- Work item: Return exactly the lines from the one containing "Blood Photo Overlay, Halloween" through the end of the material below, and leave the images out.

- Data block:
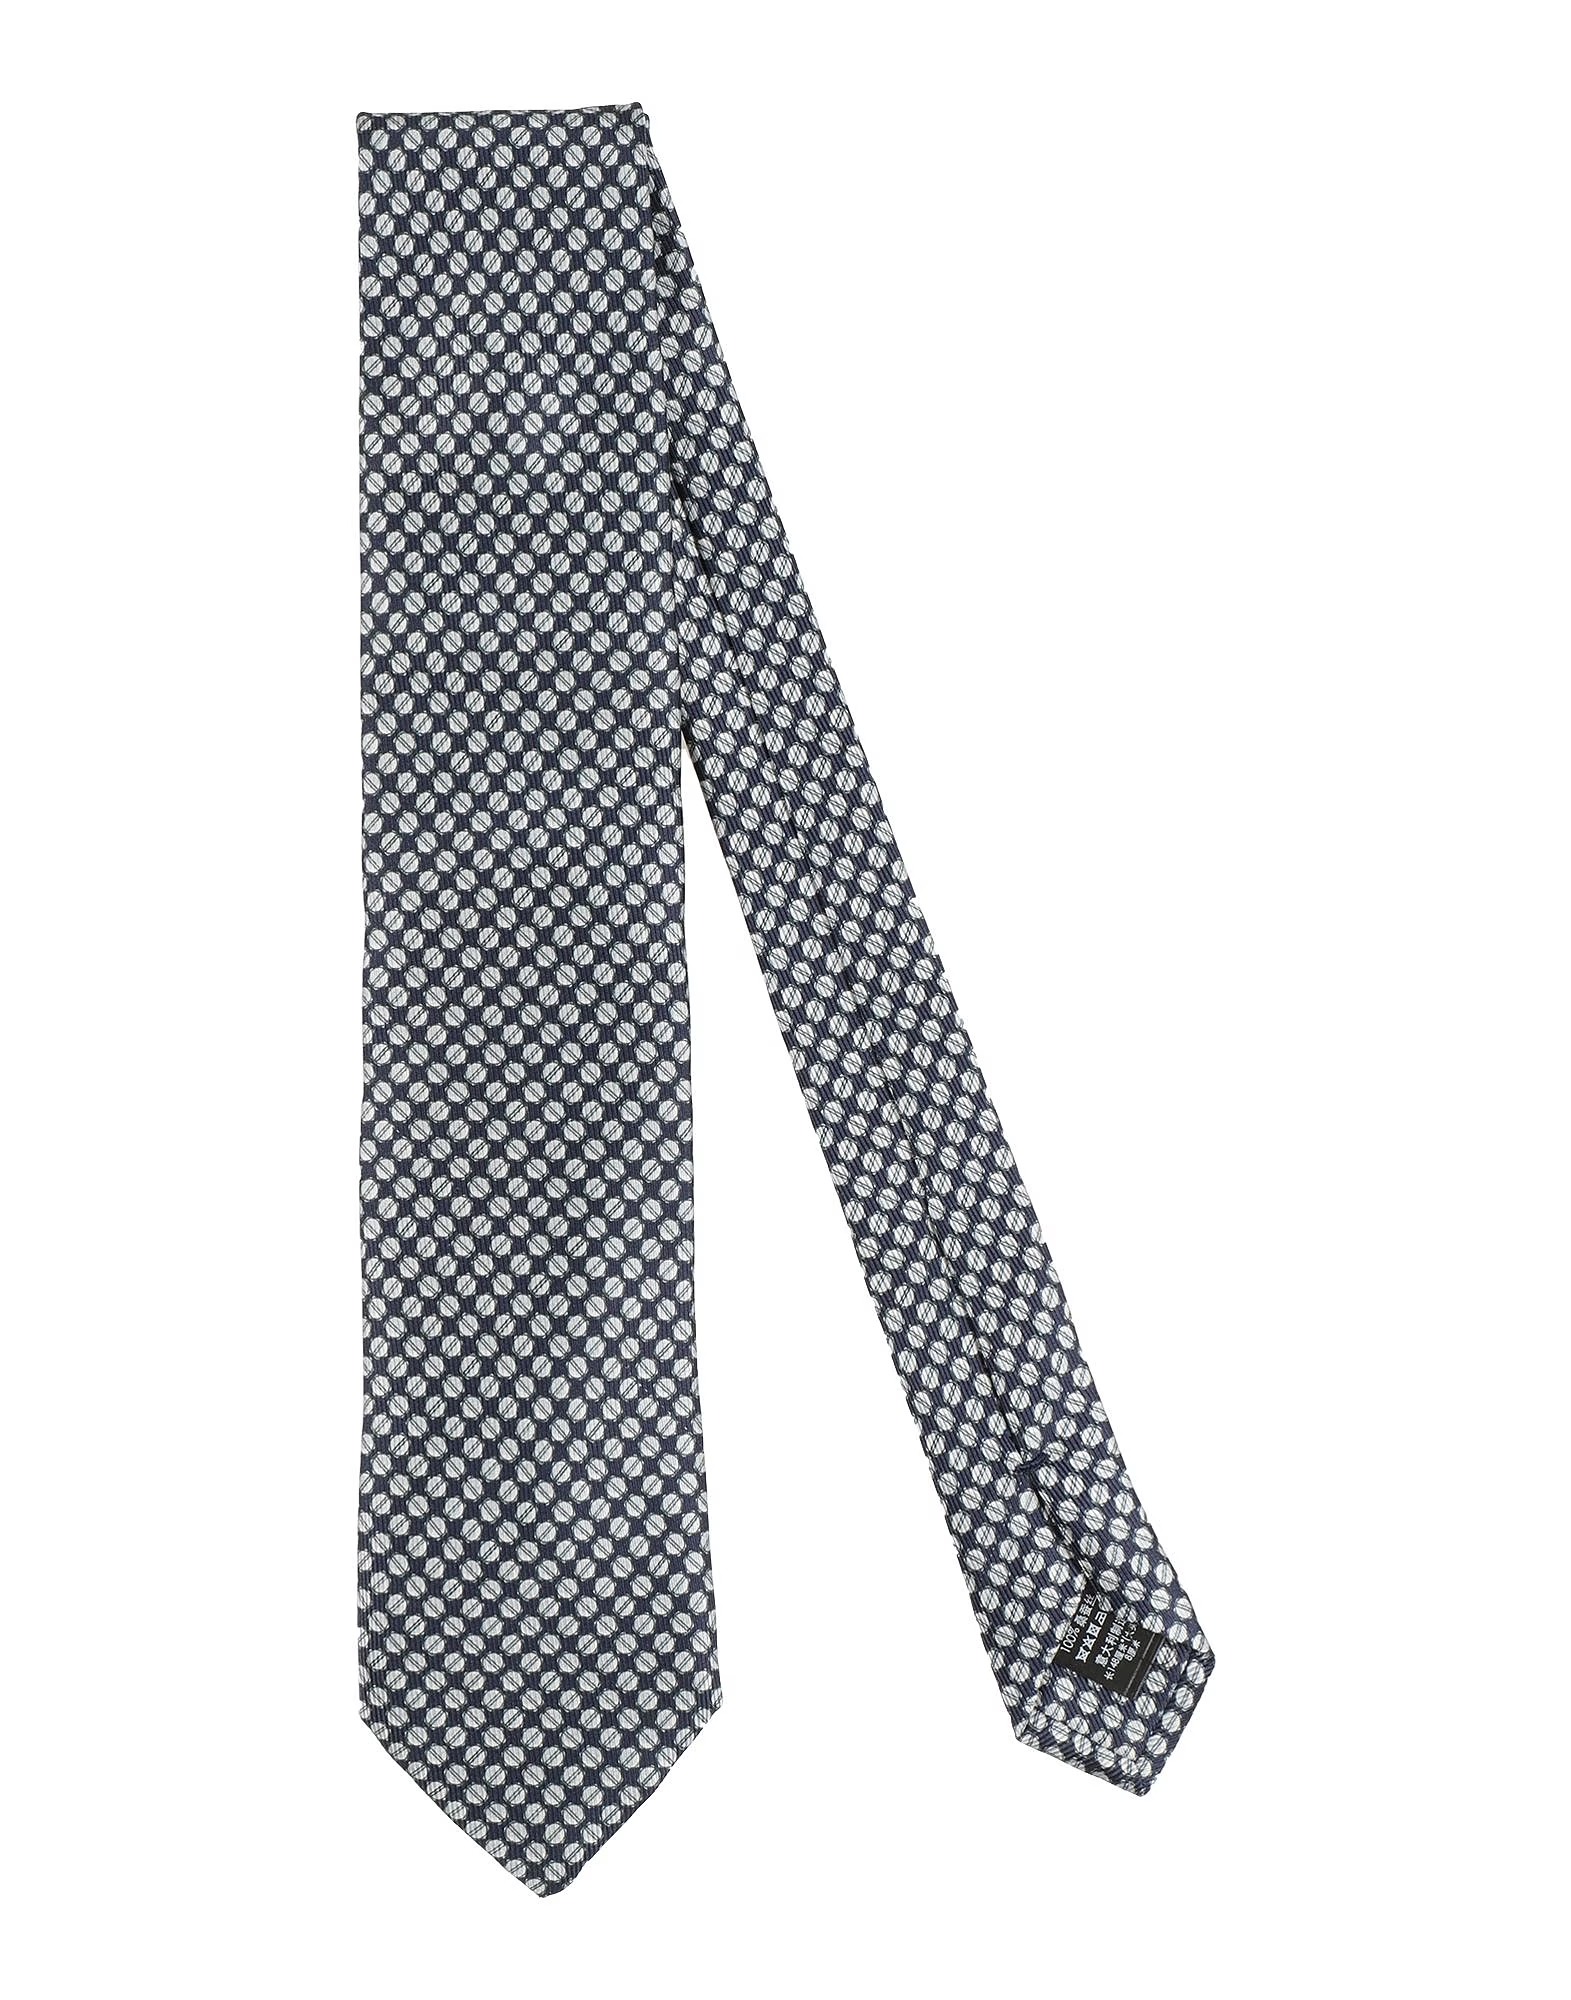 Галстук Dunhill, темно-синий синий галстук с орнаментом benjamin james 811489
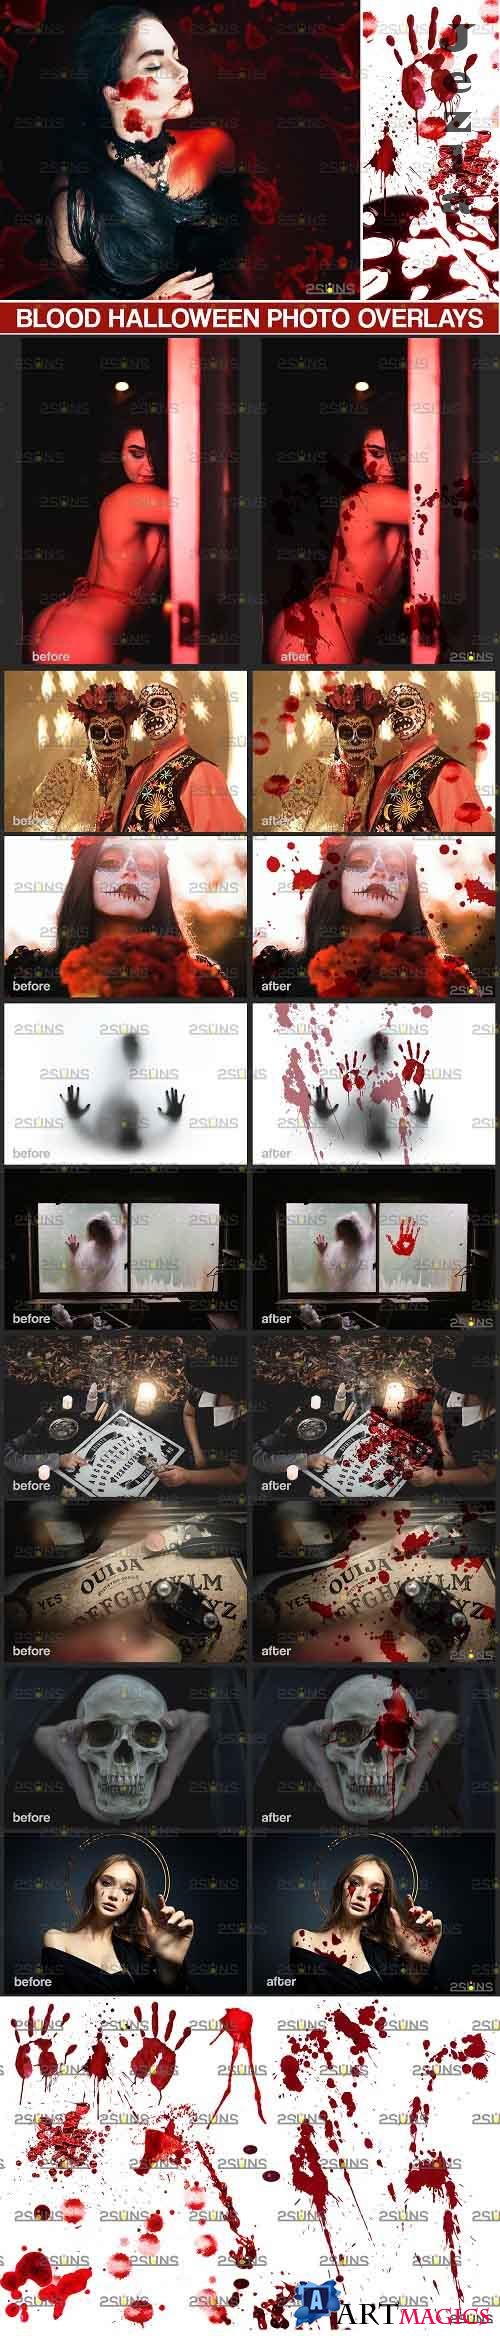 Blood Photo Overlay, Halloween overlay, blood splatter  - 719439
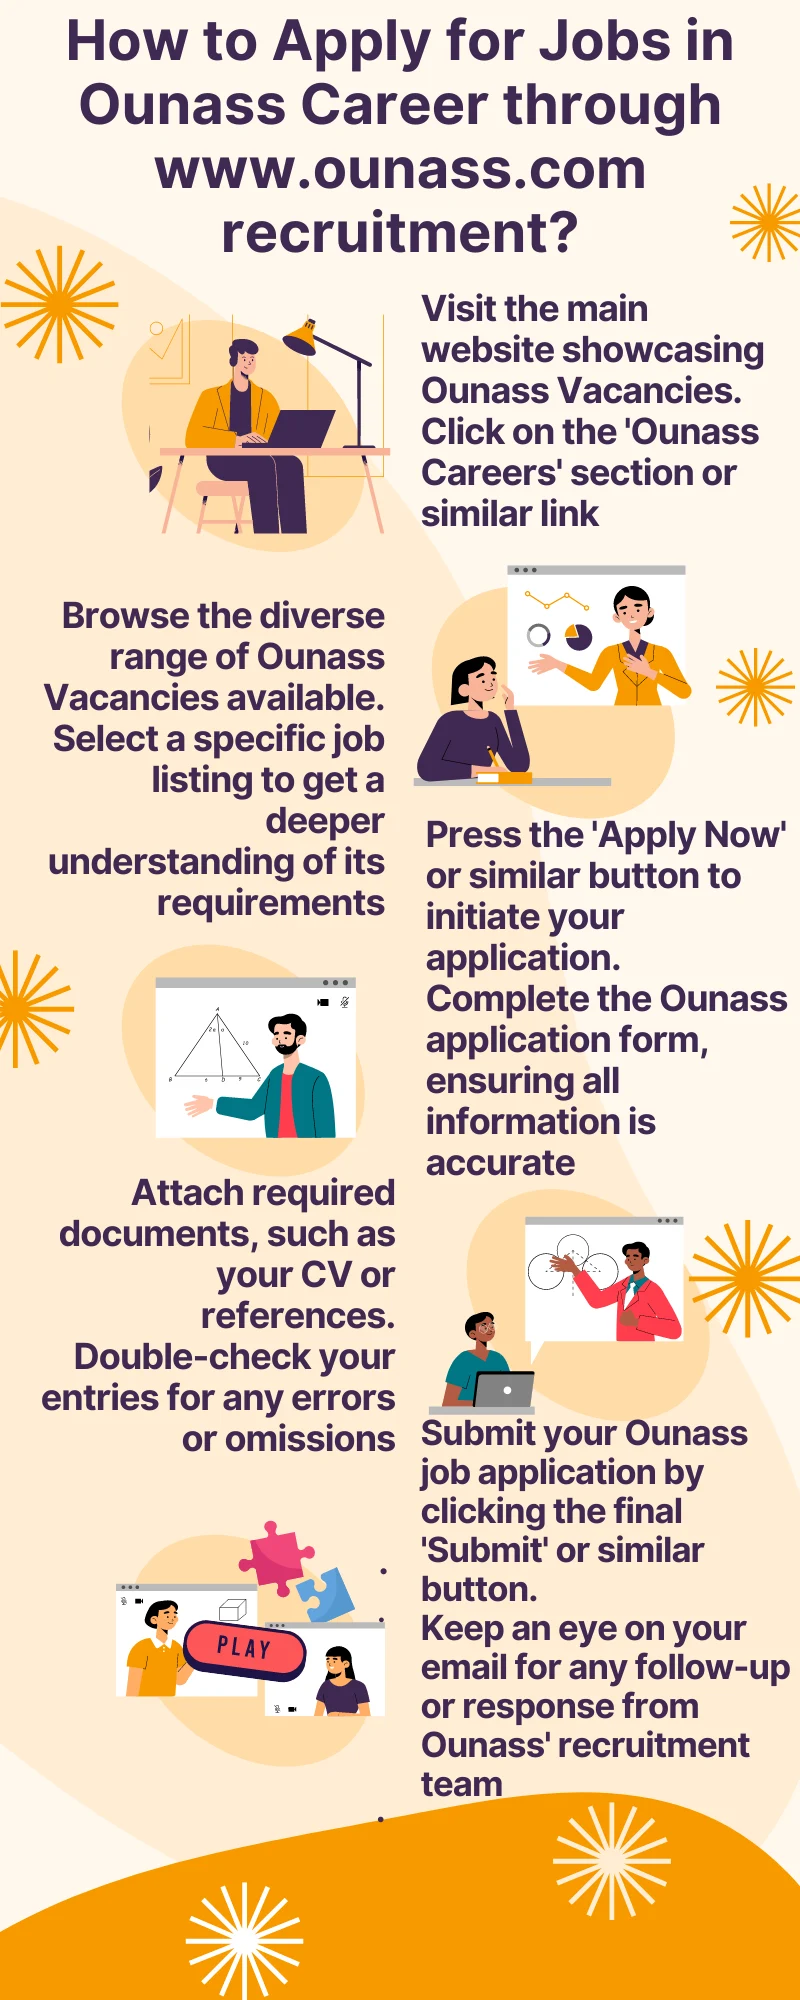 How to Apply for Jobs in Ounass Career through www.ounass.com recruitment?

- Solution to this exercise:
 Blood Photo Overlay, Halloween overlay, blood splatter  - 719439
 How to Apply for Jobs in Ounass Career through www.ounass.com recruitment?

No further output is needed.